[*1]
People v O'Connor (Michael)
2008 NY Slip Op 50901(U) [19 Misc 3d 139(A)]
Decided on April 21, 2008
Appellate Term, Second Department
Published by New York State Law Reporting Bureau pursuant to Judiciary Law § 431.
This opinion is uncorrected and will not be published in the printed Official Reports.


Decided on April 21, 2008
SUPREME COURT OF THE STATE OF NEW YORK

APPELLATE TERM: 9th and 10th JUDICIAL DISTRICTS

PRESENT: : TANENBAUM, J.P., MOLIA and SCHEINKMAN, JJ
2006-2011 W CR.

The People of the State of New York, Respondent,

against

Michael O'Connor, Appellant.


Appeal from a judgment of the City Court of Rye, Westchester County (Peter Lane, J.), rendered October 31, 2006. The judgment convicted defendant, upon his plea of guilty, of aggravated harassment in the second degree.


Judgment of conviction affirmed.

Defendant pleaded guilty to aggravated harassment in the second degree (Penal Law § 240.30 [1] [a]) and executed a general waiver of rights, which included the right to appeal.

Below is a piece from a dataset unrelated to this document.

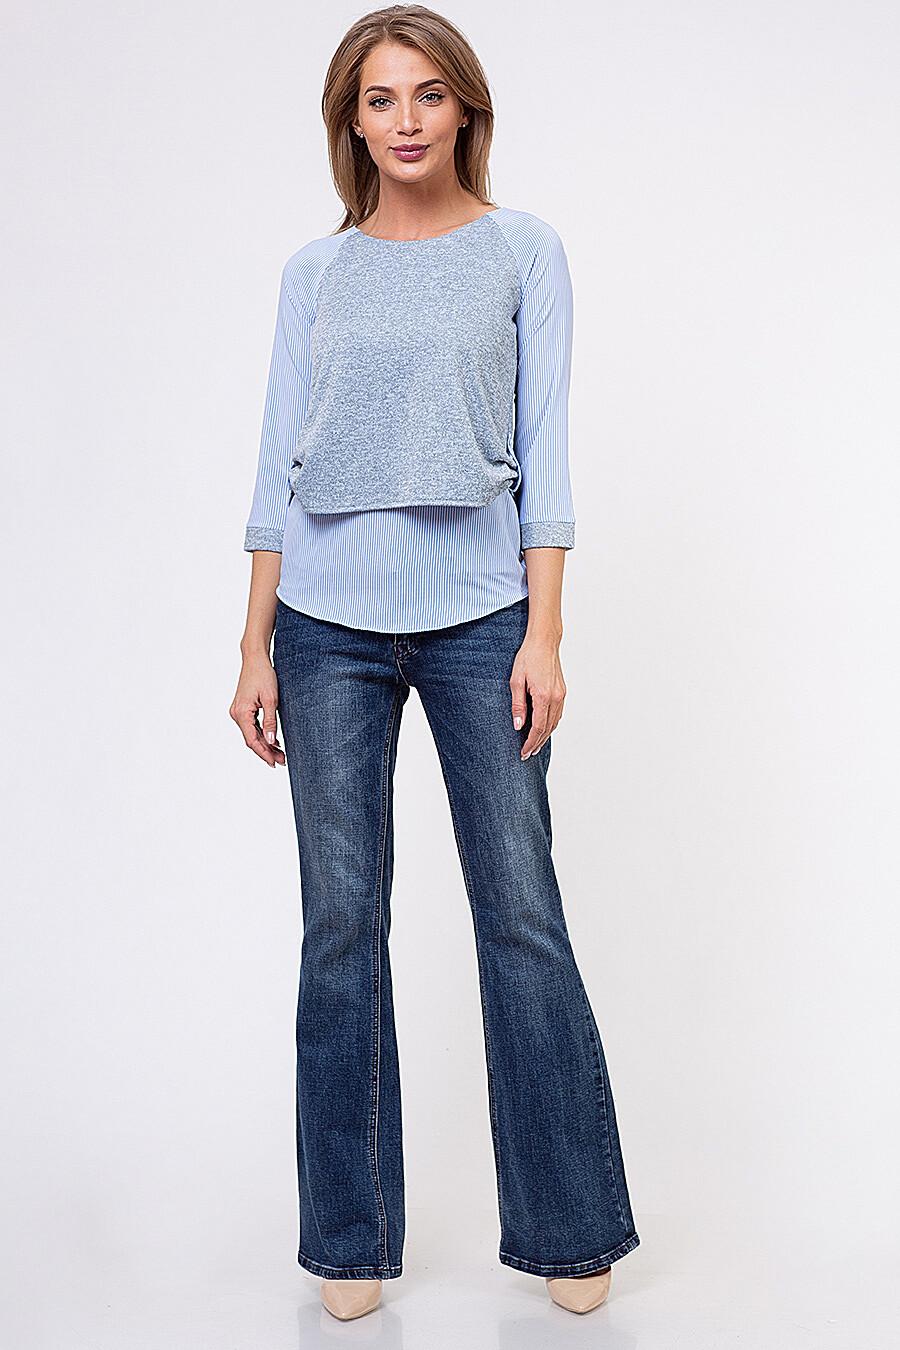 Блуза TuTachi (127401), купить в Moyo.moda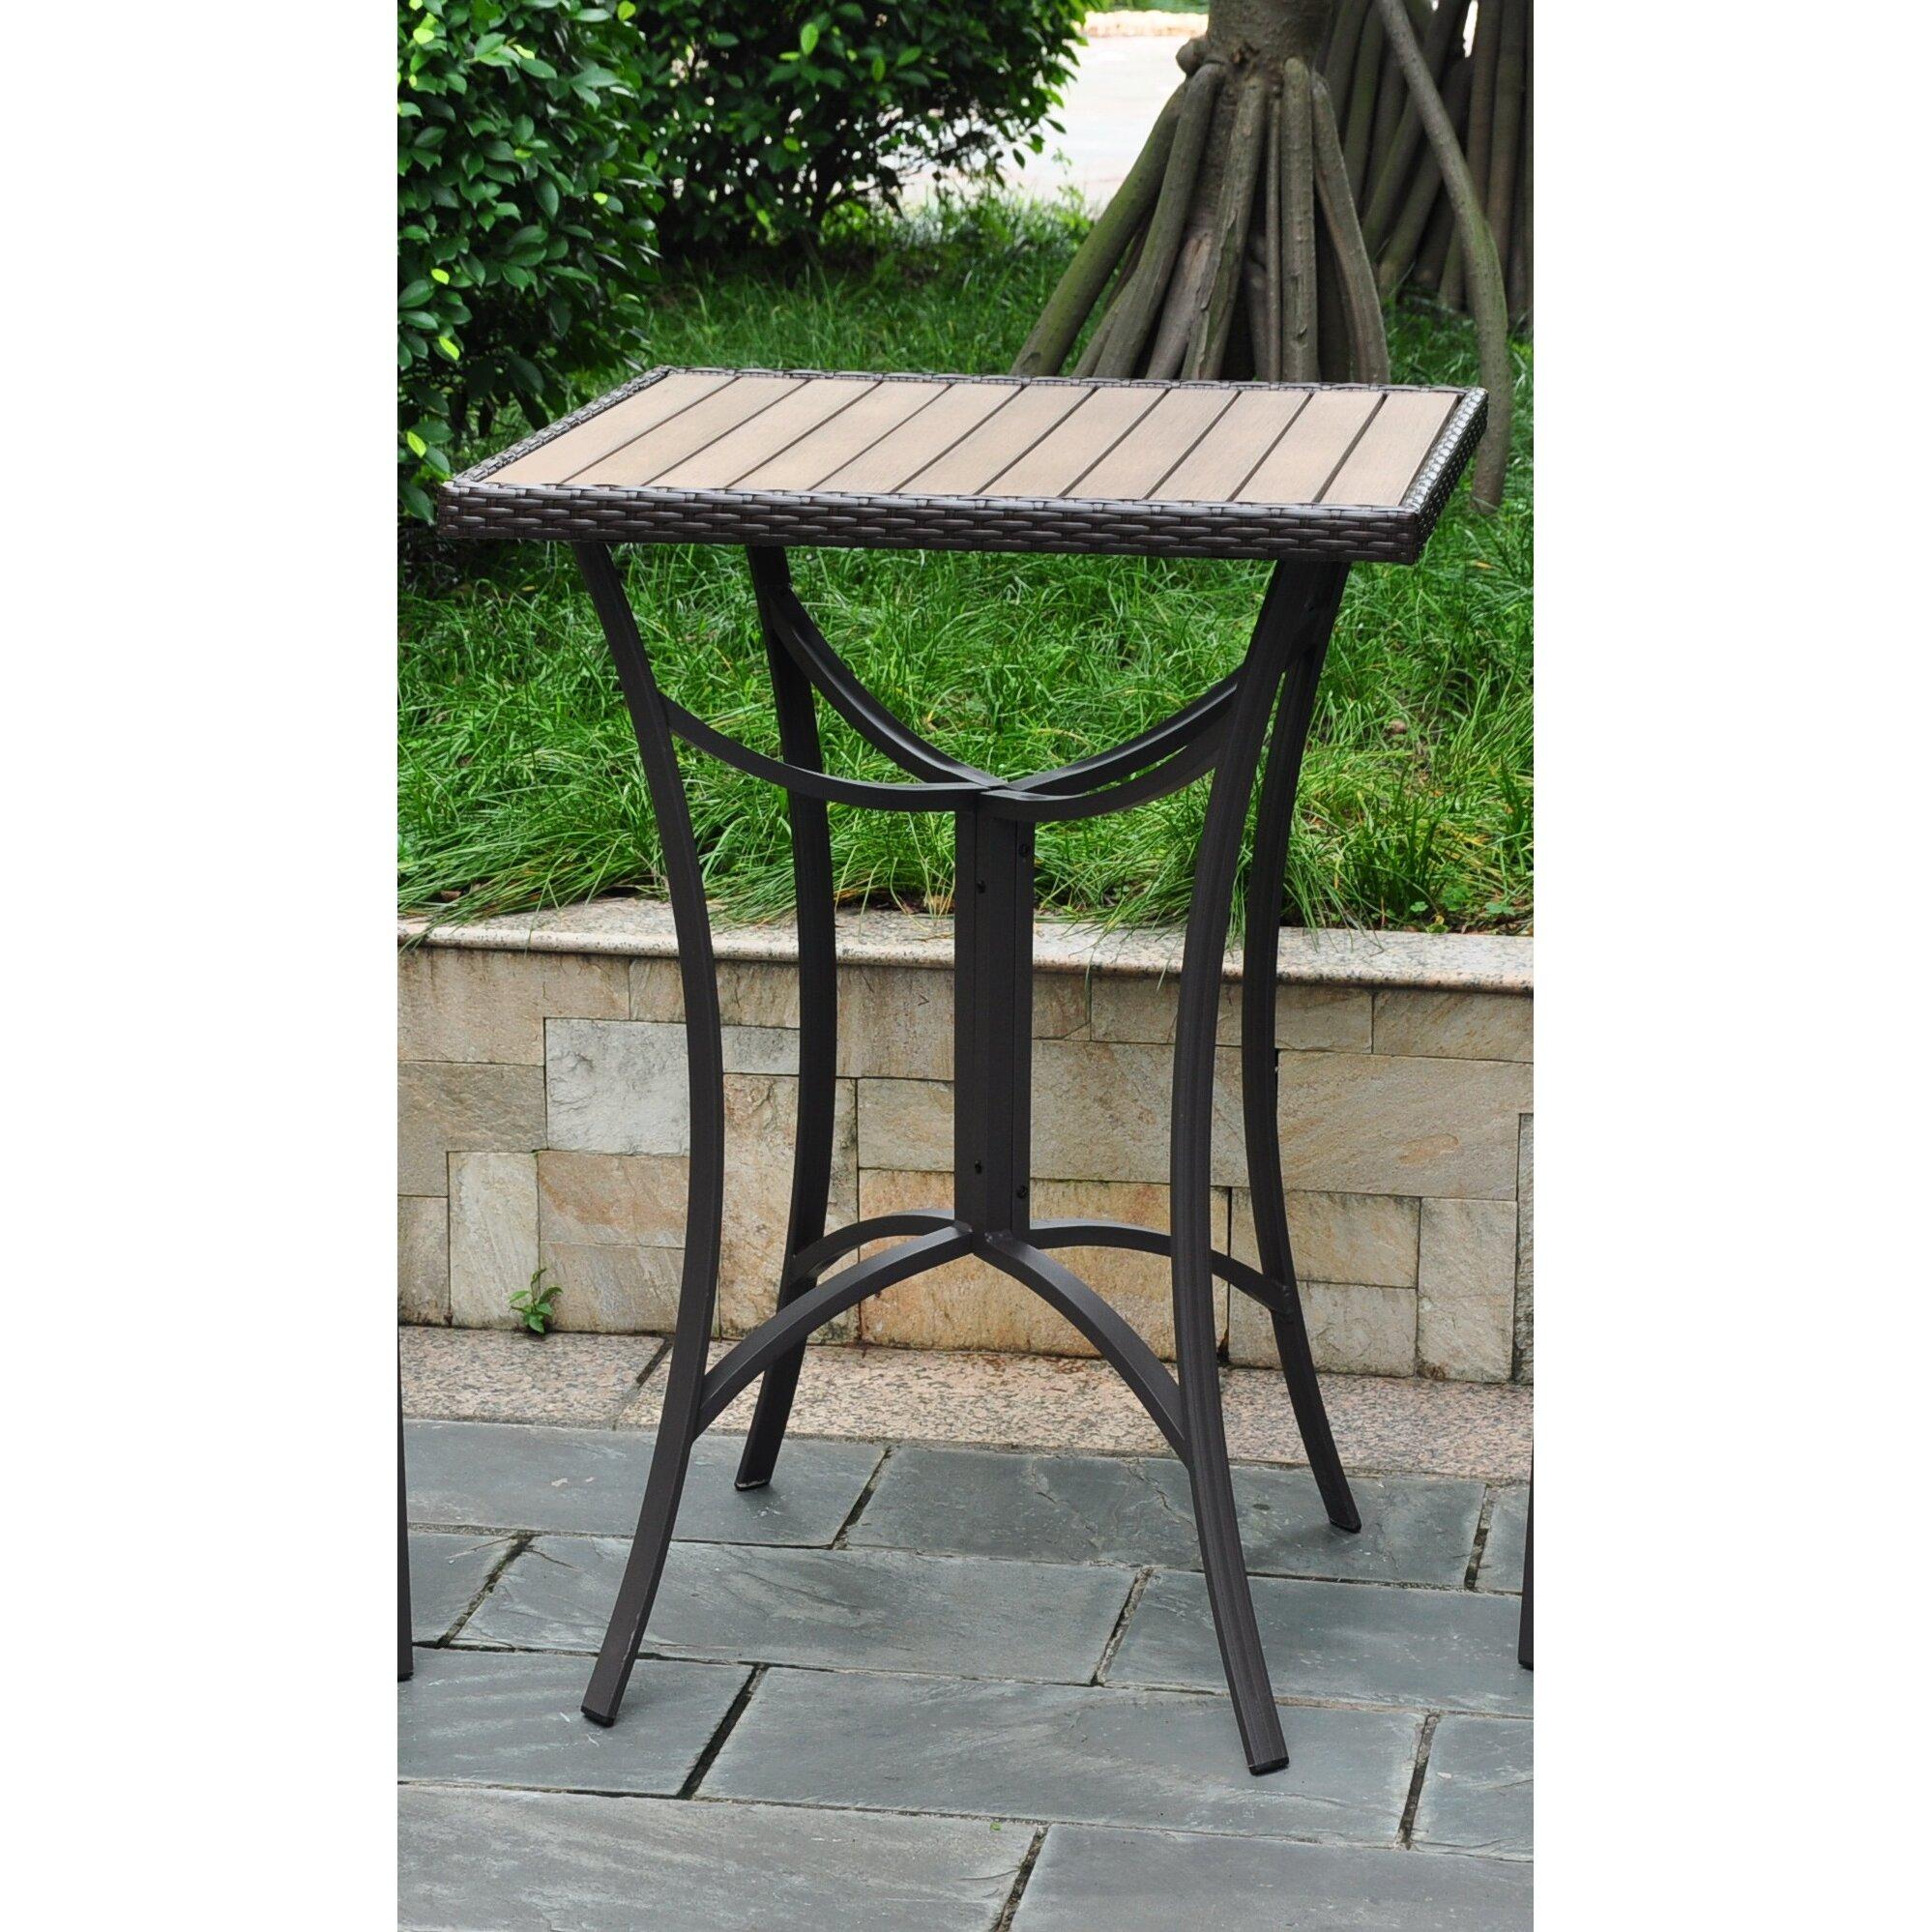 Brayden Studio Katzer Wicker Resin Aluminum Patio Table Reviews Wayfair

Defendant was sentenced to time served, and the court issued a five-year order of protection on the victim's behalf (CPL 530.13 [4]).

We agree with defendant that the record does not reveal that his waiver of the right to appeal was "obtained under constitutionally acceptable circumstances" (People v Callahan, 80 NY2d 273, 283 [1992]), as there is no indication that defendant was informed by his counsel, the court, or the waiver form, as to the consequences of such a waiver that are "separate and distinct from those rights automatically forfeited upon a plea of guilty" (People v Lopez, 6 NY3d 248, 256 [2006]). However, as defendant's claims either survive an appeal waiver or are barred by his unchallenged guilty plea, the waiver's invalidity does not affect the determination of the appeal.

The accusatory instrument was facially sufficient. The accusatory portion tracked the statutory language (People v Yakubova, 11 AD3d 644, 645 [2004]; People v Prevete, 10 Misc 3d 78, 80 [App Term, 9th & 10th Jud Dists 2005]), and, affording the factual portion, as supplemented by the supporting deposition, the "fair and not overly restrictive or technical reading" to which it is entitled (People v Casey, 95 NY2d 354, 360 [2000]), the complainant's allegations of defendant's misconduct, which included innumerable daily calls, the last of which culminated in a death threat, sufficed to support the charge. [*2]

As defendant has served his sentence, any issues relating to the length of the sentence are academic (People v Conklin, 46 AD3d 698 [2007]; People v Ackridge, 31 AD3d 654, 655 [2006]). In any event, by "time served," the court clearly contemplated the several days defendant served locally on the instant charge, not the period in which defendant, during the pendency of this prosecution, had been incarcerated in another jurisdiction awaiting trial on an unrelated felony charge. Upon such a sentence, there was no need for a pre-sentence report (CPL 390.20 [2]; see People v Davis, 2002 NY Slip Op 40353[U] [App Term, 2d & 11th Jud Dists 2002]).

Defendant failed to preserve for appellate review his claim that the five-year order of protection was unauthorized, by raising the issue at sentencing or by moving to amend the order of protection on that ground (People v Nieves, 2 NY3d 310, 315-316 [2004]; People v Konieczny, 2 NY3d 569, 572 [2004]; People v Peterkin, 27 AD3d 666, 667 [2006]). In any event, the length of an order of protection is governed by the statute "in effect at the time the judgment was rendered" (People v Goins, 45 AD3d 1371, 1372 [2007]; see CPL 530.13 [4] [as amended effective October 1, 1995]).

It is noted that as an order of protection is not part of a sentence (People v Nieves, 2 NY3d at 316), a defendant has no ground to complain that such an order cannot be imposed because it was not part of a bargained for plea and sentencing agreement (People v Dixon, 16 AD3d 517 [2005]; People v Peters, 232 AD2d 432 [1996]; People v Oliver, 182 AD2d 716 [1992]). Thus, even where, as here, the imposition of such an order, but not the duration thereof, was a part of a plea agreement, defendant cannot object that the order terminates at a date later than anticipated.

Tanenbaum, J.P., Molia and Scheinkman, JJ., concur.